Art Basel Hong Kong 2024.
Photo: Courtesy Art Basel

5 Standout Booths at Art Basel Hong Kong

From intricate embroideries by Junko Oki at Kosaku Kanechika to austere geometric canvases by Tadaaki Kuwayama and Kiyomizu Rokubey VIII at Nonaka-Hill

“This is a truly significant year,” said Art Basel CEO Noah Horowitz, just before the start of the art fair’s Hong Kong edition. After returning from a three-year hiatus at a reduced size last year, this Art Basel Hong Kong marks the restoration to the fair’s pre-pandemic scale, with 242 exhibitors from 40 different countries and territories.
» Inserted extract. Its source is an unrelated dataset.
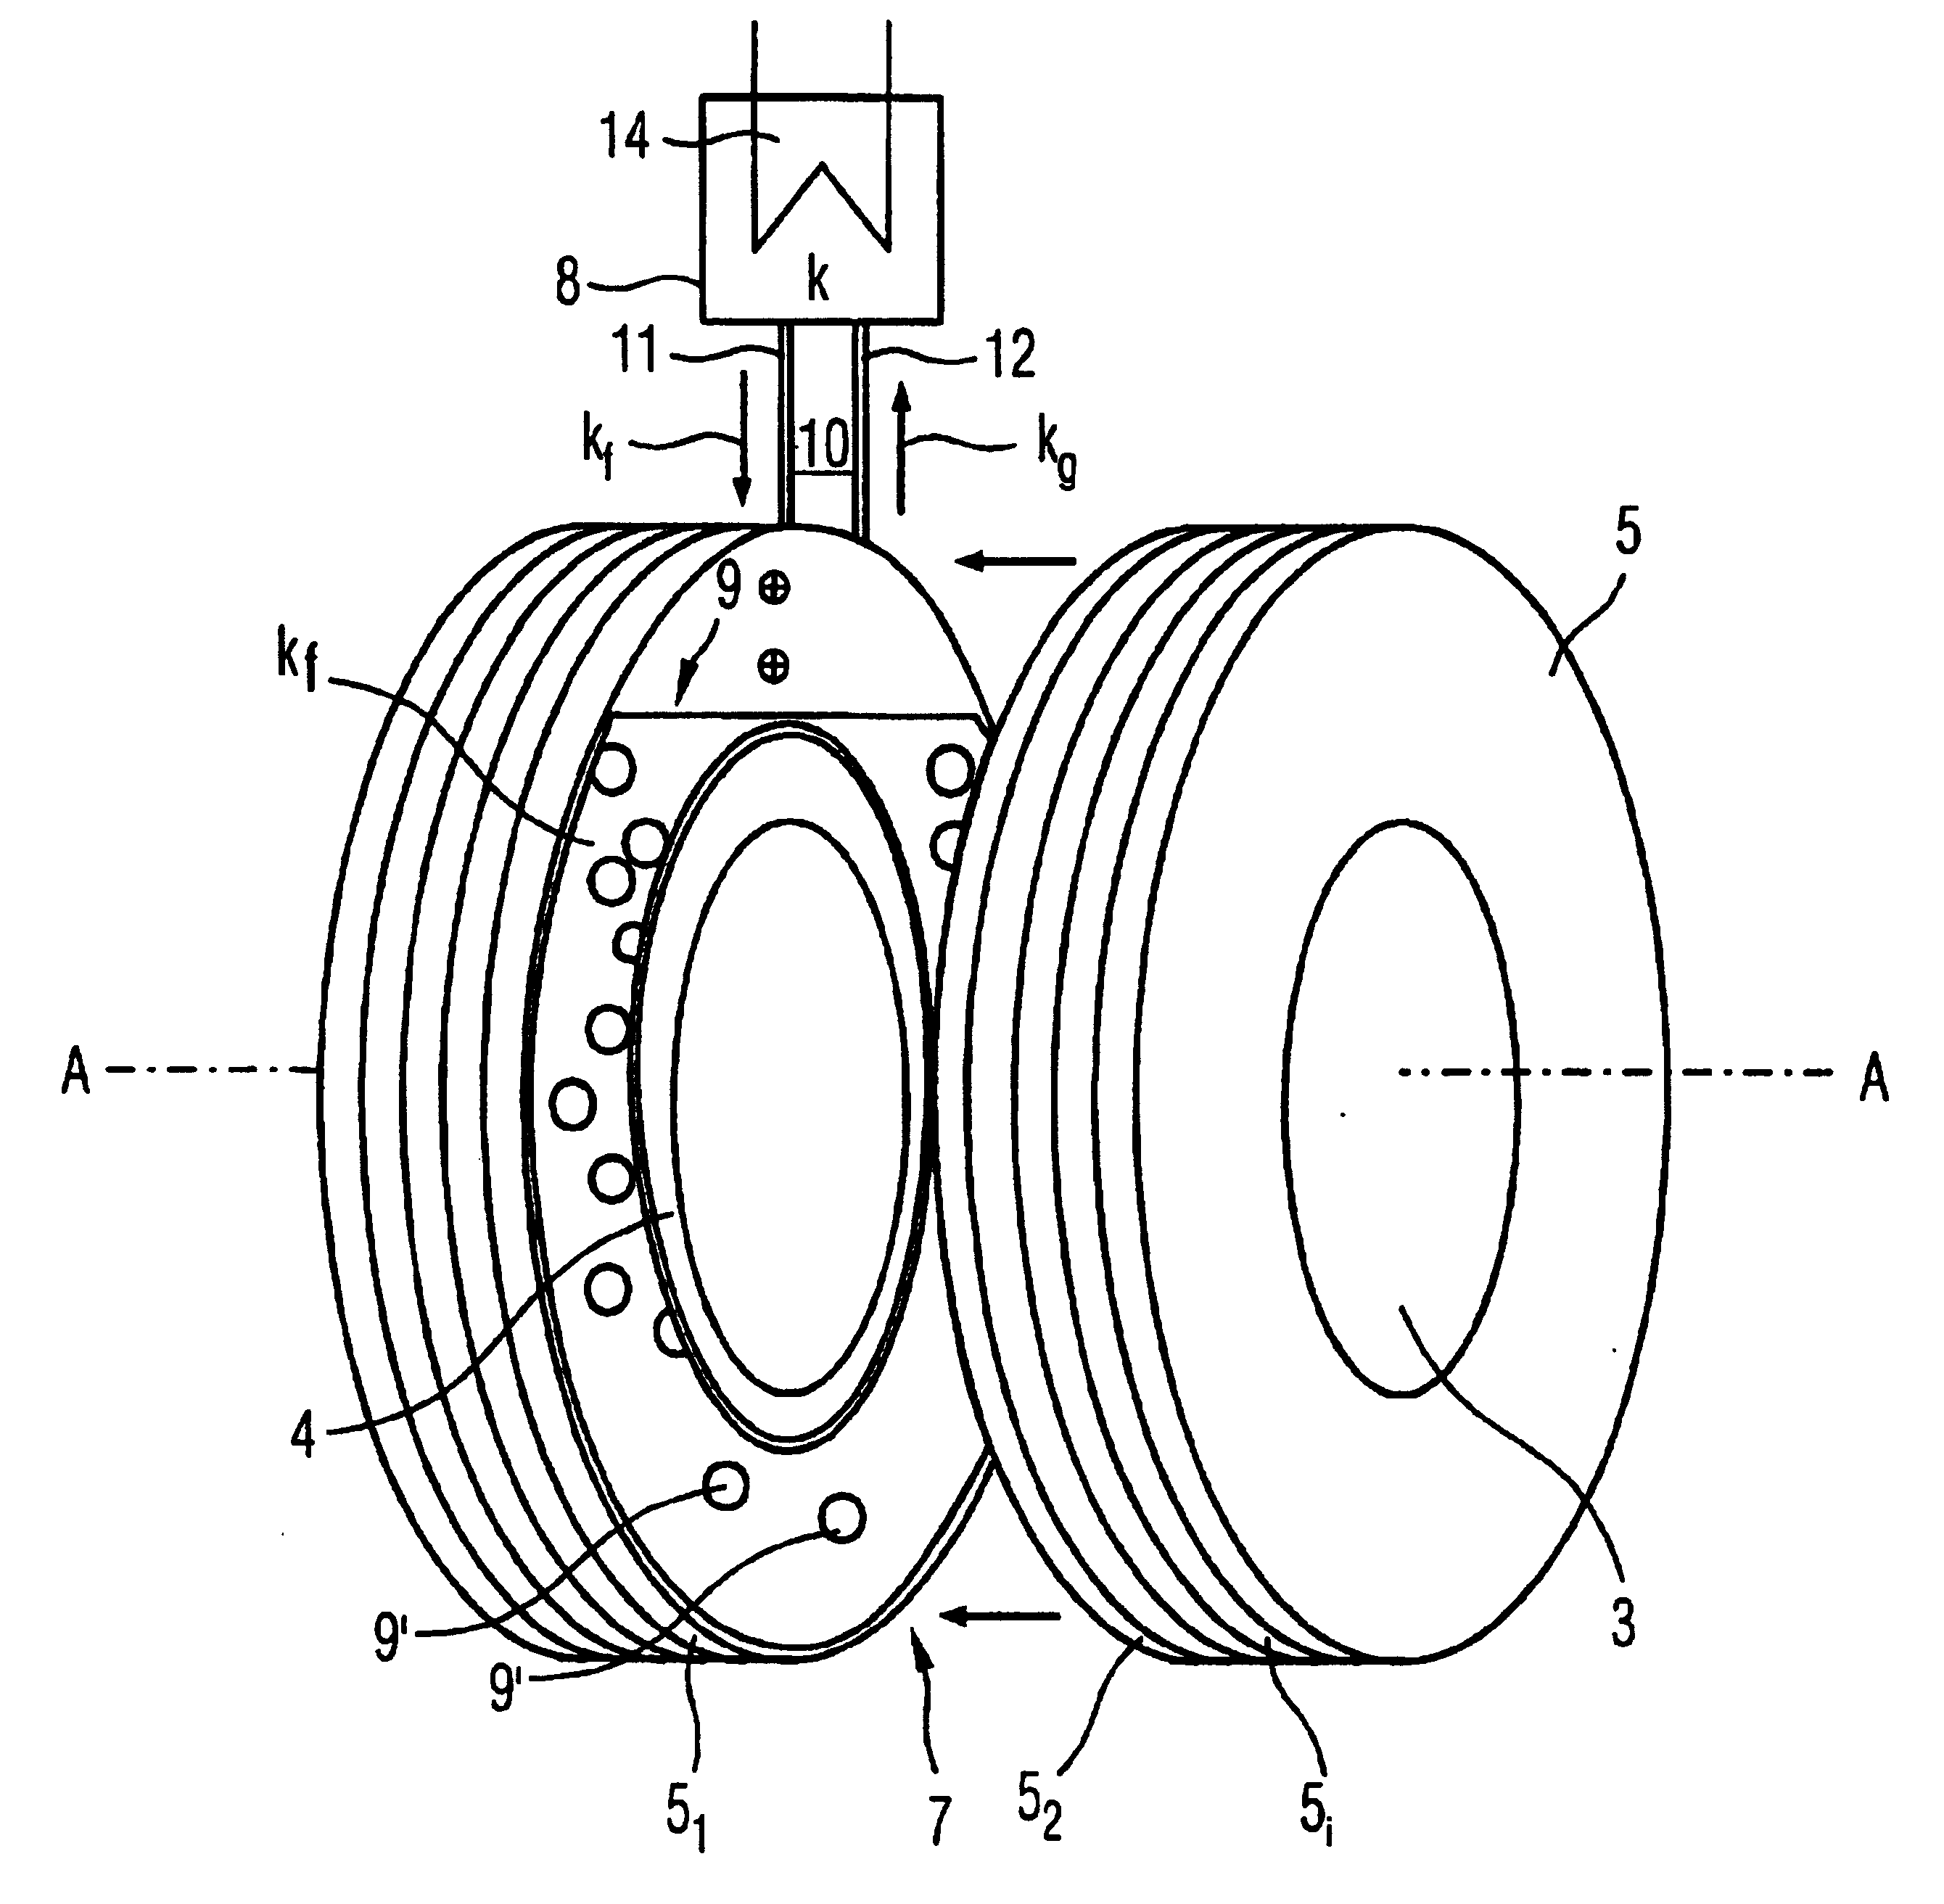 Electric motor comprising a stator cooling unit

Also significant this year are looming concerns about how China’s weakening economy and new national security laws will affect the art market, countered by the excitement surrounding the recent opening of the city’s first art museums, the Hong Kong Museum of Art and M+. For Turin-based collector Patrizia Sandretto Re Rebaudengo, who last visited in 2019, “I have to say, in the city, in the galleries, and the museums, there’s a really good energy. I’m really happy to be back.”

Art Basel Hong Kong 2024. Photo: Courtesy Art Basel

On the main floor of the fair, major galleries presented a cross section of familiar names, where notably trending works included Salvo landscapes, Lee Ufan gradients, and Philippe Parreno marquees. The true standouts, however, were the specialized solo presentations that make up the fair’s Insights and Kabinett sectors. See the top picks below.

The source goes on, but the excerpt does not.